The Spacer nodded and continued. “Yes, I am. The station has a full supply of fuel for the entry systems and they are in good repair, but we have a problem.  Without accurate scans of the terrain, we can’t begin the reentry procedure.  We can’t fly the station and need to basically drop it in its landing zone.”

          The Nomad turned his head, confused as to what all of this had to do with him.  “Can’t you do those scans from the station?”

The Spacer sighed.  “We used to be able to, we had full scans and a landing zone picked out.  Then my father destroyed the information and the topographical scanning equipment. He erased the backups and wiped the computer hard drives. It’s a rock.”

          The Nomad kept trying not to look at the grey and red stain on the floor behind the Spacer.  “So your own father sabotaged your station? Why would he do that to you?”

Stolen content warning: this tale belongs on Royal Road. Report any occurrences elsewhere.

The Spacer closed the screen on his wrist and folded his hands. “I don’t know. He used to be the head of the station, but now he won’t talk to anyone. He is very old, and dementia is a possibility. He’s locked up in our brig.  I took control of the station and started looking for a way to save my people.”

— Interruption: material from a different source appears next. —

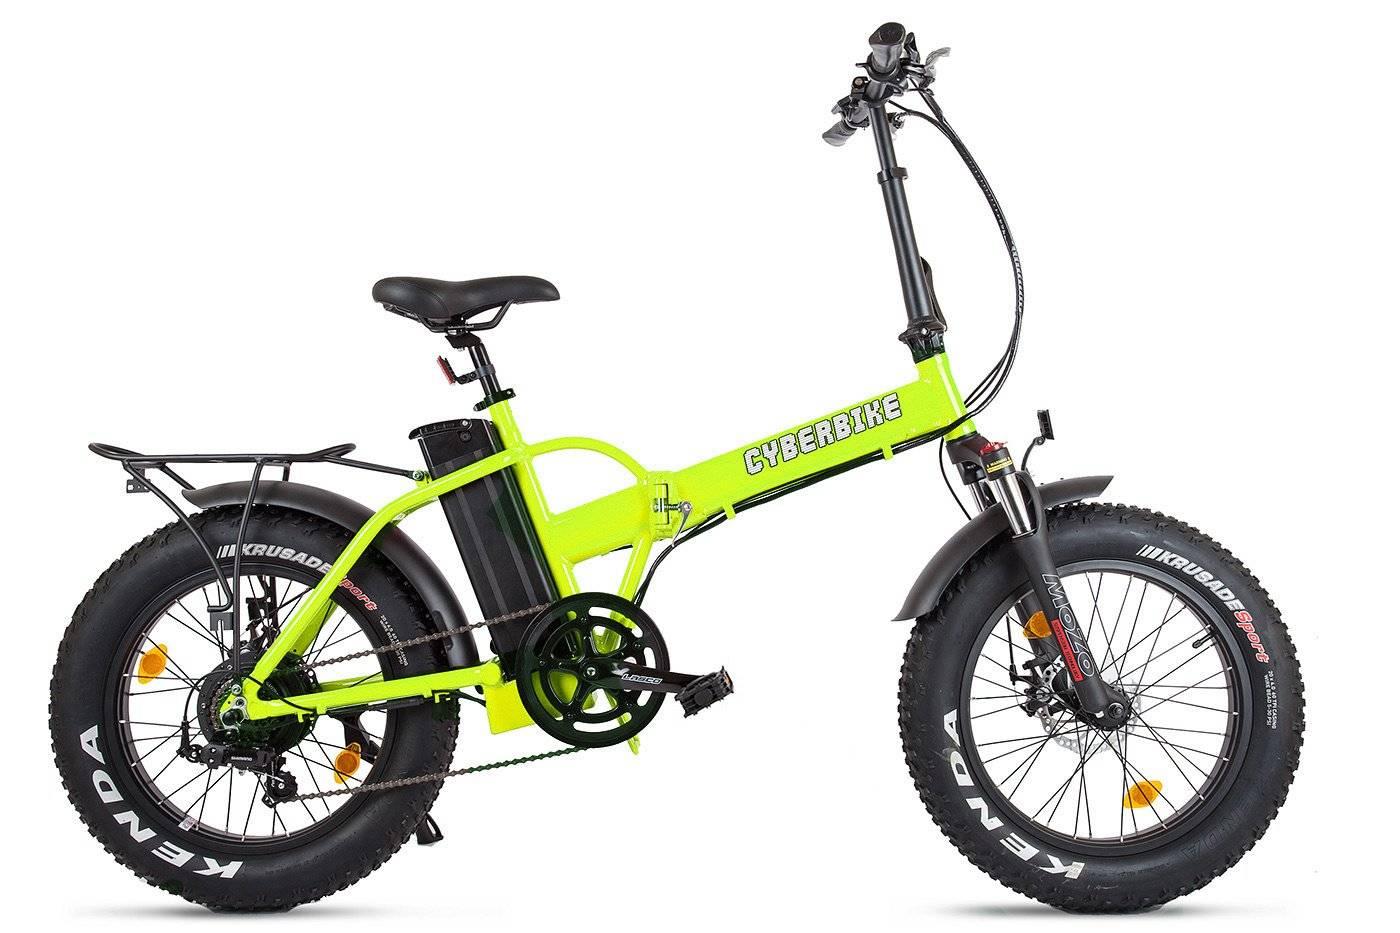 Велогибрид Cyberbike 500 Вт, 019282-1906, фото 6
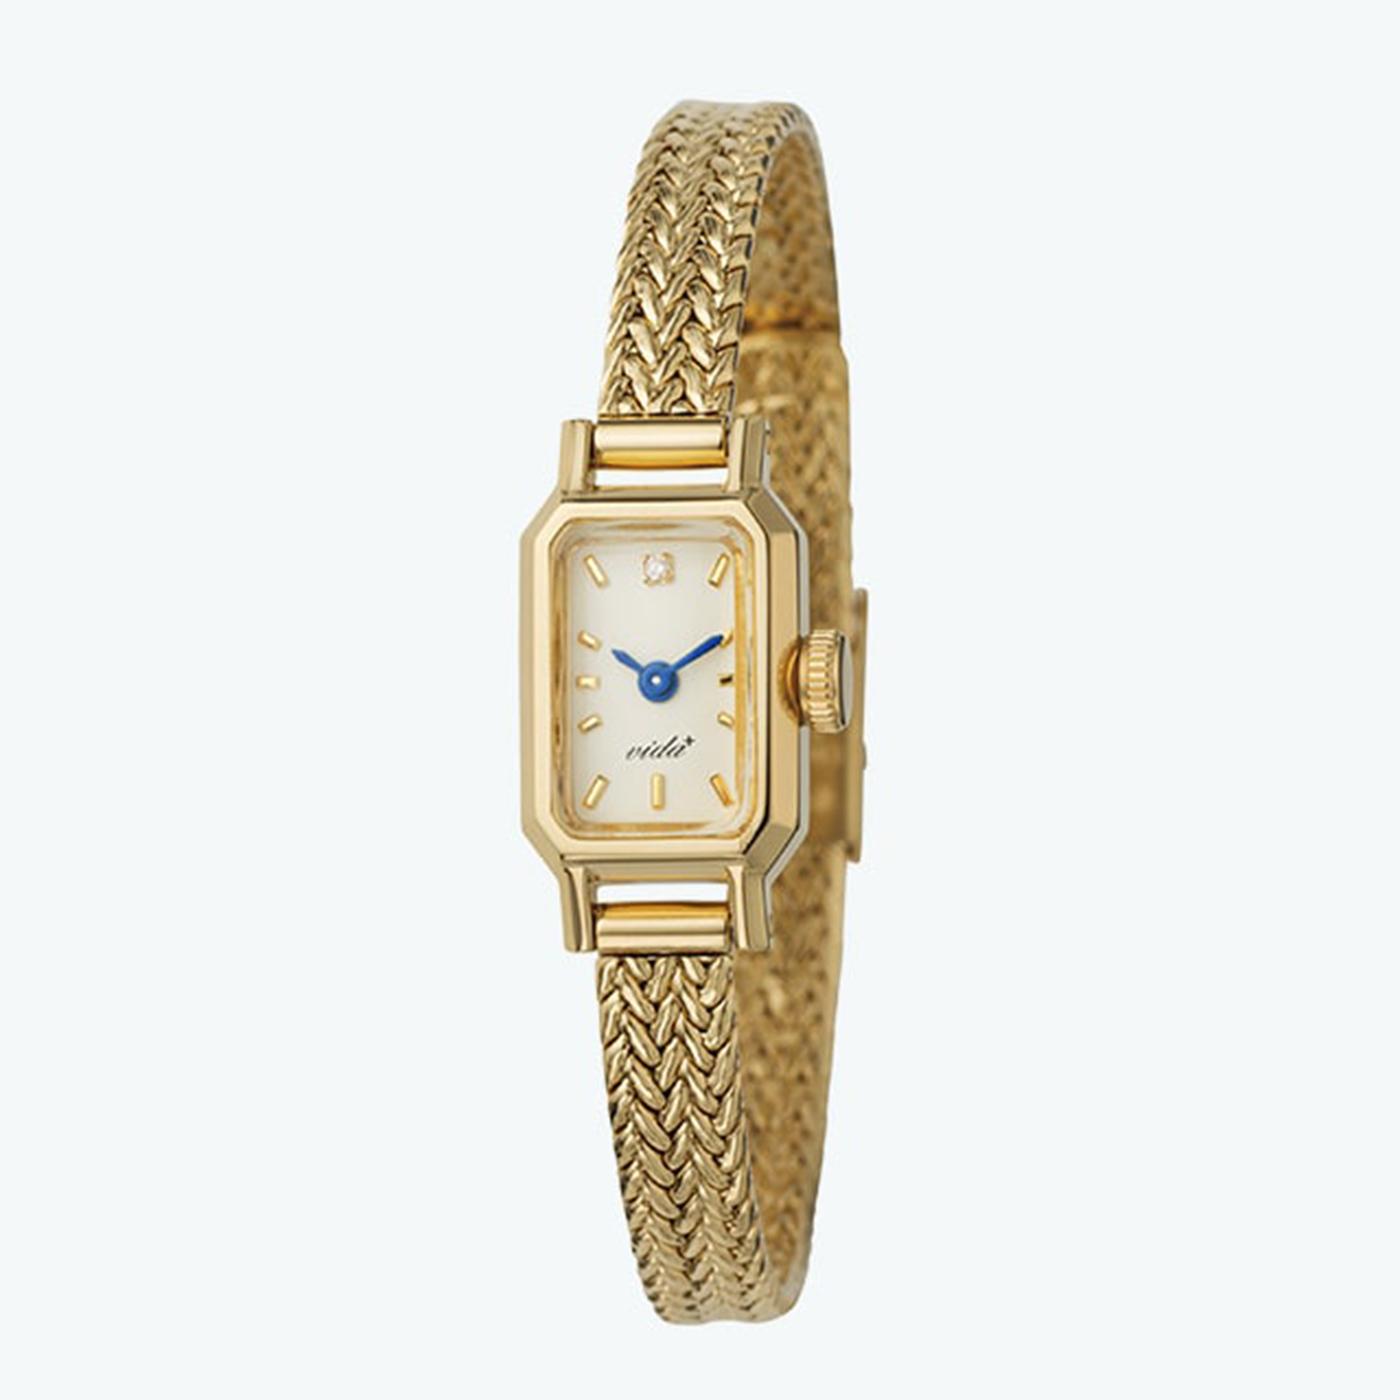 IEDIT[イディット] SELECT VIDA+ ヴィーダプラス 12時位置のダイヤモンドが輝くアヤメ織りベルト時計〈ゴールド〉 J84966GM

          The Nomad shifted in his seat uncomfortably.  “I’m sorry for your troubles, Spacer. I’m just really wondering where I come into this.”

The Spacer got a hard look in his eyes. “You don’t Nomad. Something in your possession does.  There is an abandoned military base underneath the granite hills you just came from. It has a computer we have been in limited contact with, but it has the capabilities to provide us detailed current topographical information.  You have the key to its doors.”  The Nomad had a shocked look on his face, and touched the small of his neck reflexively, a motion the Spacer took immediate notice of.

          “What do you mean? I don’t have anything like that.”  The Spacer reached across the table and pulled the Nomads necklace up out of his shirt. It was a simple tab of metal with a green gem on one side.

It had the basic appearance of a military dog tag but was a centimeter thick.  “Before my father destroyed most of our scanning equipment, we had used it to find an extremely rare artifact from the days before the bio weapon apocalypse.  After the equipment was destroyed two days ago, I ordered round the clock visual watches on you, to keep track of your movements.  It was our only contingency plan.”

The Nomad gave the Spacer a distrusting look.  “What about that sniper that’s been following me?”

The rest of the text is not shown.